Beef, pork, goat, lamb, chicken, smoked turkey, tripe, dried snails, and fried fish are common sources of protein in Ghanaian soups and stews, sometimes mixing different types of meat and occasionally fish into one soup. Soups are served as a main course rather than a starter. It is also common to find smoked meat, fish and seafood in Ghanaian soups and stews.

 They include crab, shrimp, periwinkles, octopus, snails, grubs, duck, offal, and pig's trotters. Also oysters.
Meat, mushrooms and seafood may be smoked, salted or dried for flavour enhancement and preservation. Salt fish is widely used to flavour fish based stews. Spices such as thyme, garlic, onions, ginger, peppers, curry, basil, nutmeg, sumbala, Tetrapleura tetraptera (prekese) and bay leaf are delicately used to achieve the exotic and spicy flavours that characterize Ghanaian cuisine.

Palm oil, coconut oil, shea butter, palm kernel oil and peanut oil are important Ghanaian oils used for cooking or frying and may sometimes not be substituted for in certain Ghanaian dishes. For example, using palm oil in okro stew, eto, fante fante, red red or Gabeans, egusi stew and mpihu/mpotompoto (similar to poi). Coconut oil, palm kernel oil and shea butter have lost their popularity for cooking in Ghana due to the introduction of refined oils and negative Ghanaian media adverts targeted at those oils. They are now mostly used in few traditional homes, for soap making and by commercial (street food) food vendors as a cheaper substitute to refined cooking oils.

Common Ghanaian soups are groundnut soup, light (tomato) soup, kontomire (taro leaves) soup, palm nut soup, ayoyo soup and okra soup.

Ghanaian tomato stew or gravy is a stew that is often served with rice or waakye. Other vegetable stews are made with kontomire, garden eggs, egusi (pumpkin seeds), spinach, okra, etc.

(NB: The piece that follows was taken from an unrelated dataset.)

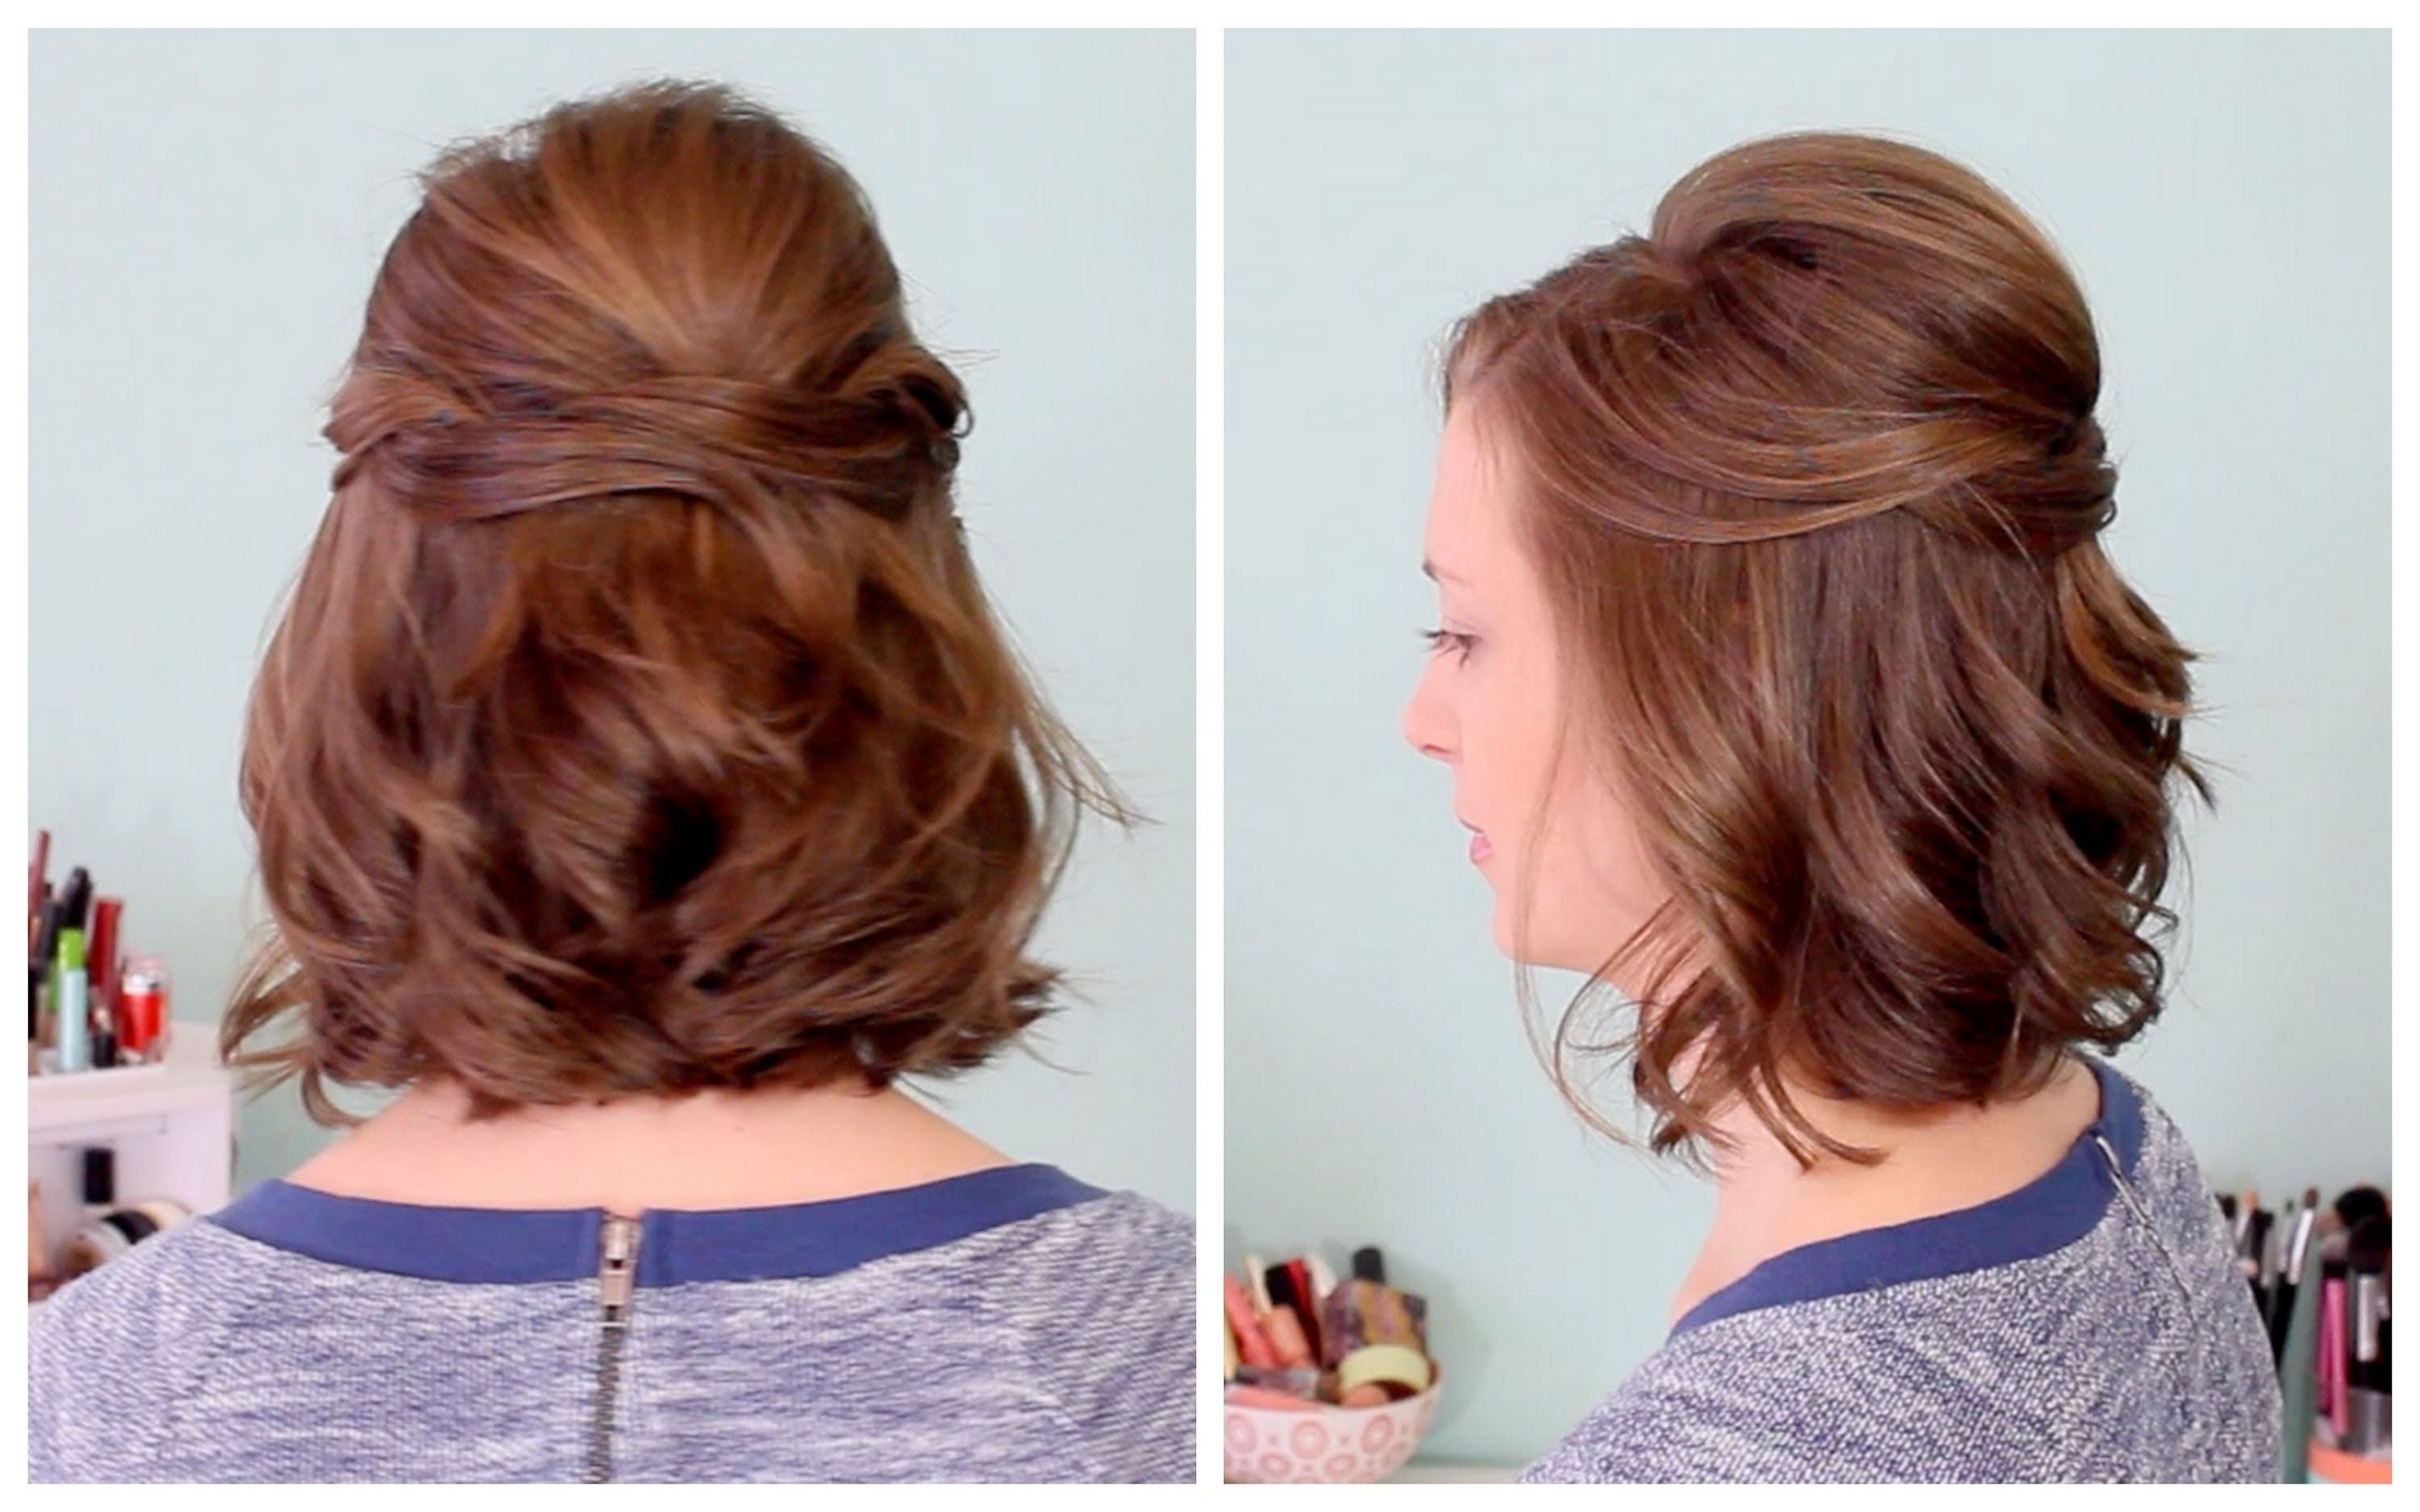 Mesmerizing Half Up Bridesmaid Hairstyles In Wedding Hairstyle For Intended For Current Wedding Dinner Hairstyle For Short Hair (View 6 of 15)

Among the Ewes , some soups are prepared with gboma (solanum macrocarpa)and also yevugboma(European gboma. Water leaf) or ademe (jute mallow ). These are eaten with the various varieties of akple or abolo (steamed corn dough)or yakayake (steamed cassava dough).

Breakfast

Most of the dishes mentioned above are served during lunch and supper in modern Ghana. However, those engaged in manual labour and a large number of urban dwellers still eat these foods for breakfast and will usually buy them from the streets. 
Another popular breakfast is called huasa koko (northern porridge). It is usually prepared in Northern Ghana, sweet, and often eaten with koose or bread with groundnut. 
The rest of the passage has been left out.